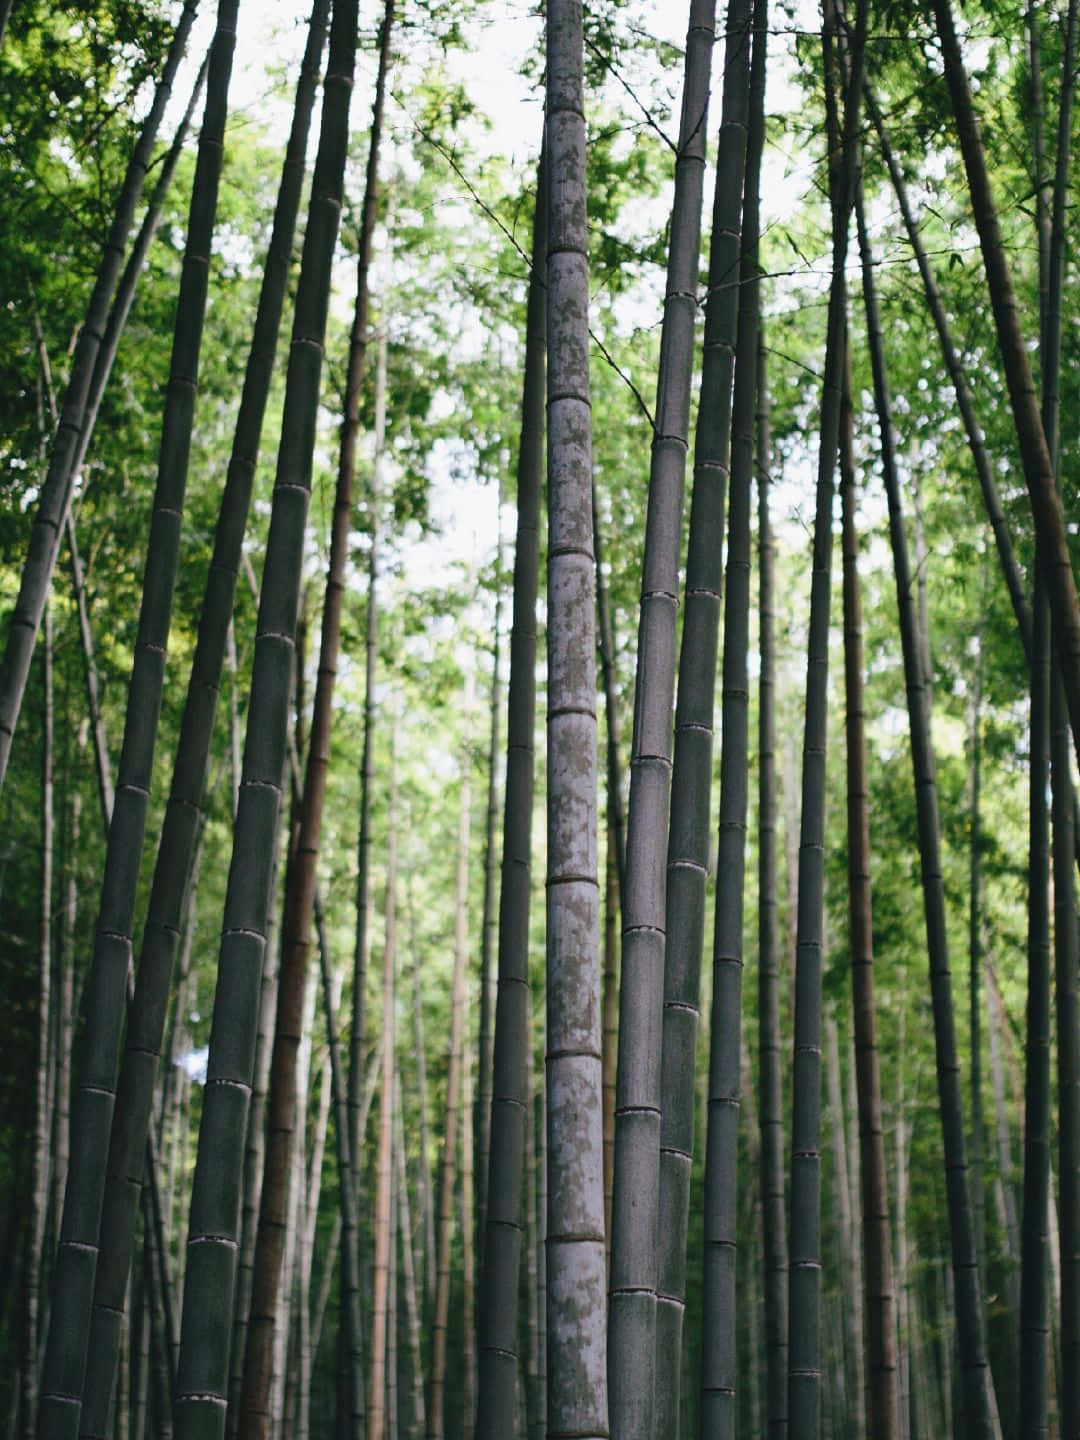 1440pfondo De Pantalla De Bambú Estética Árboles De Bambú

------------

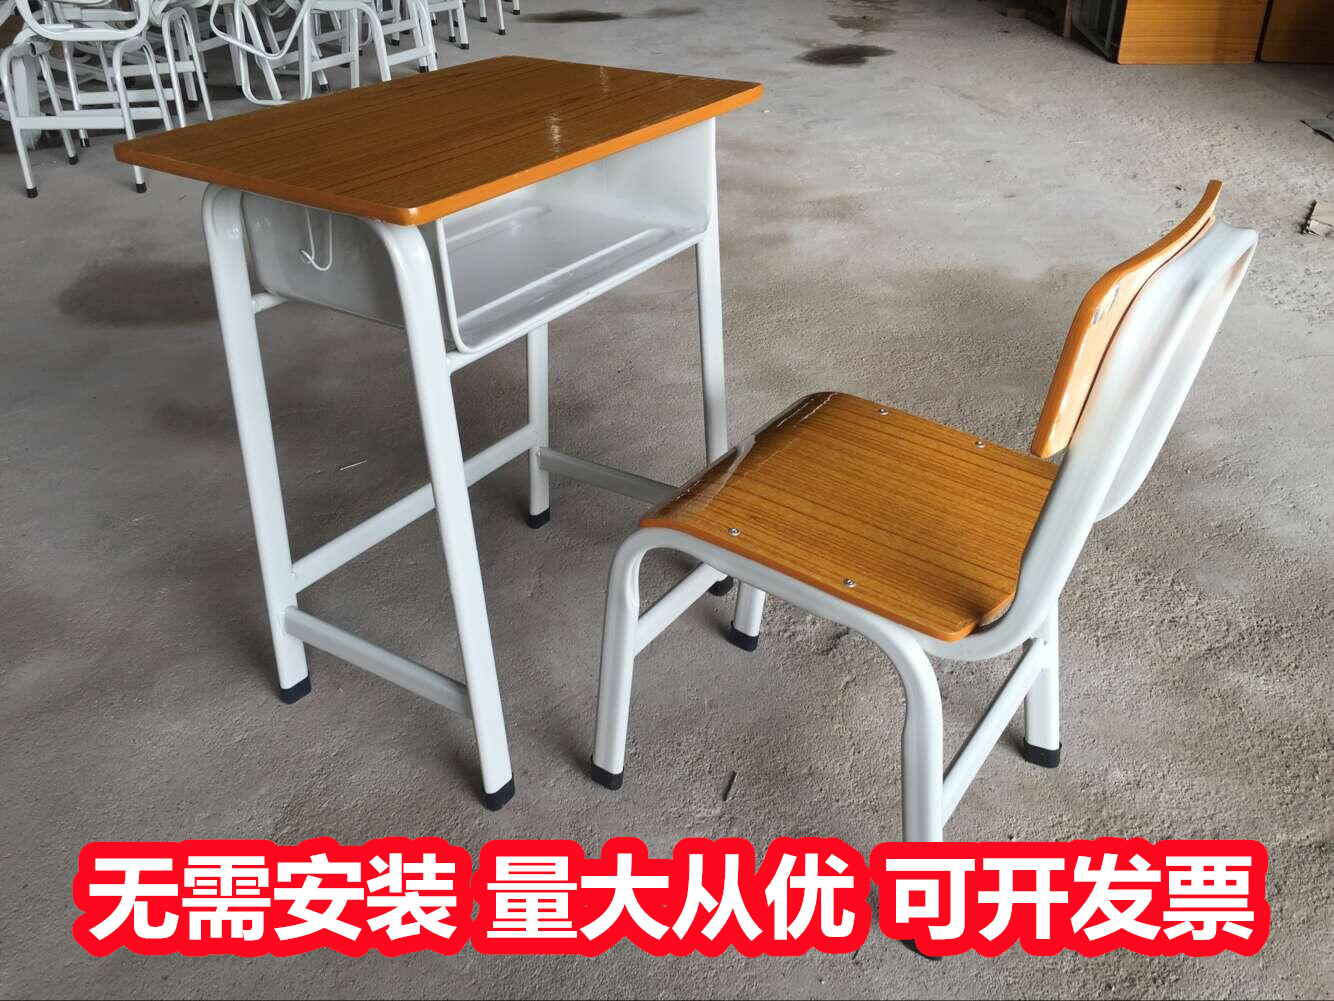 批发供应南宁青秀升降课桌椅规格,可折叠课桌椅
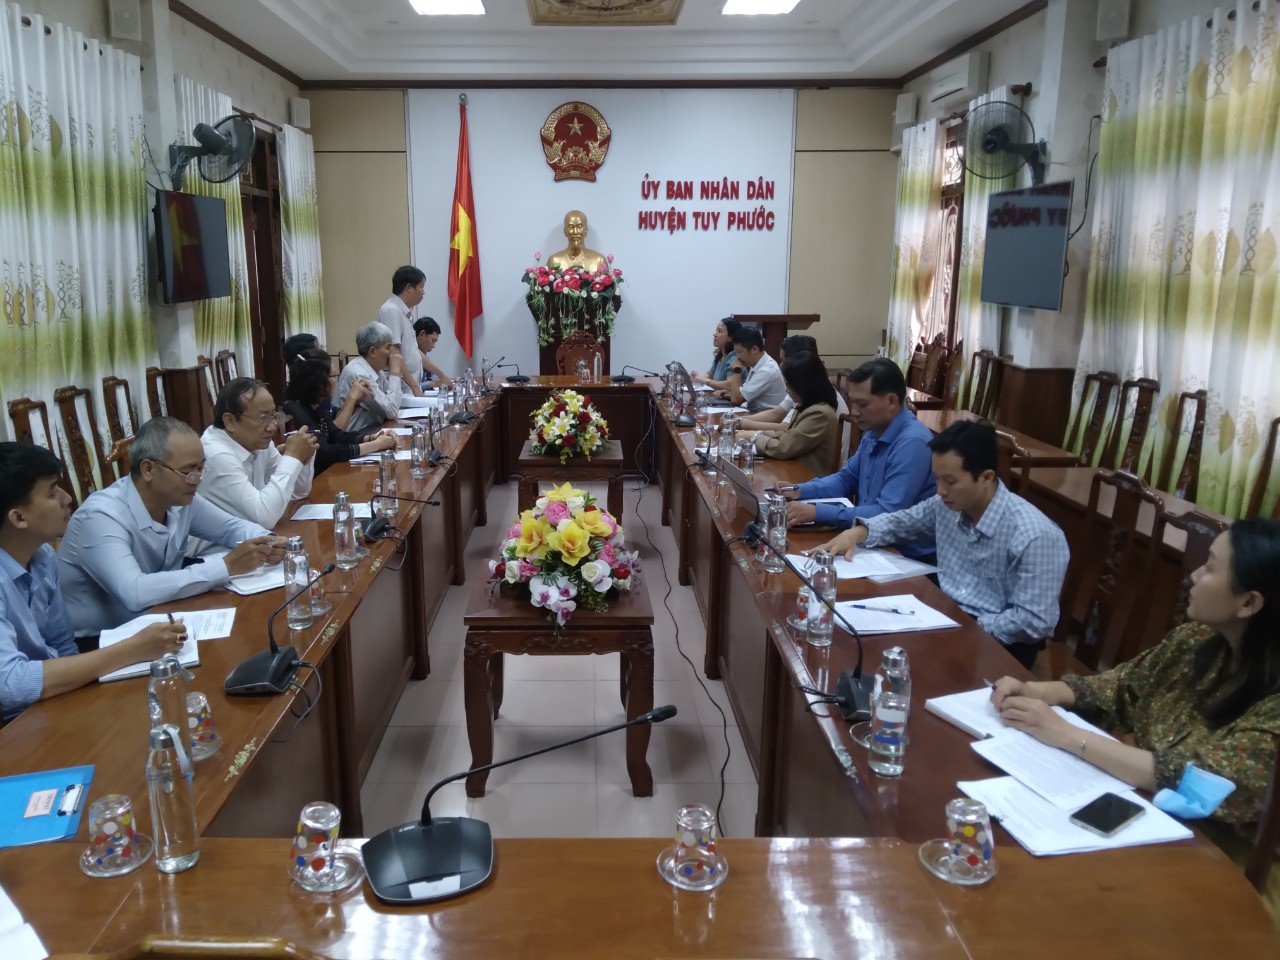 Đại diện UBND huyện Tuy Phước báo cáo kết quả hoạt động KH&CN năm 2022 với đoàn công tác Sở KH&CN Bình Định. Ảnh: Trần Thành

------------

## REQUIRED WORK
Starting at the line above that holds "批发供应南宁青秀升降课桌椅规格,可折叠课桌椅", repeat every line exactly down to and including the line that holds "Đại diện UBND", then stop. Do not carry over any pictures.

## EXERCISE OUTPUT
 批发供应南宁青秀升降课桌椅规格,可折叠课桌椅
 Đại diện UBND huyện Tuy Phước báo cáo kết quả hoạt động KH&CN năm 2022 với đoàn công tác Sở KH&CN Bình Định. Ảnh: Trần Thành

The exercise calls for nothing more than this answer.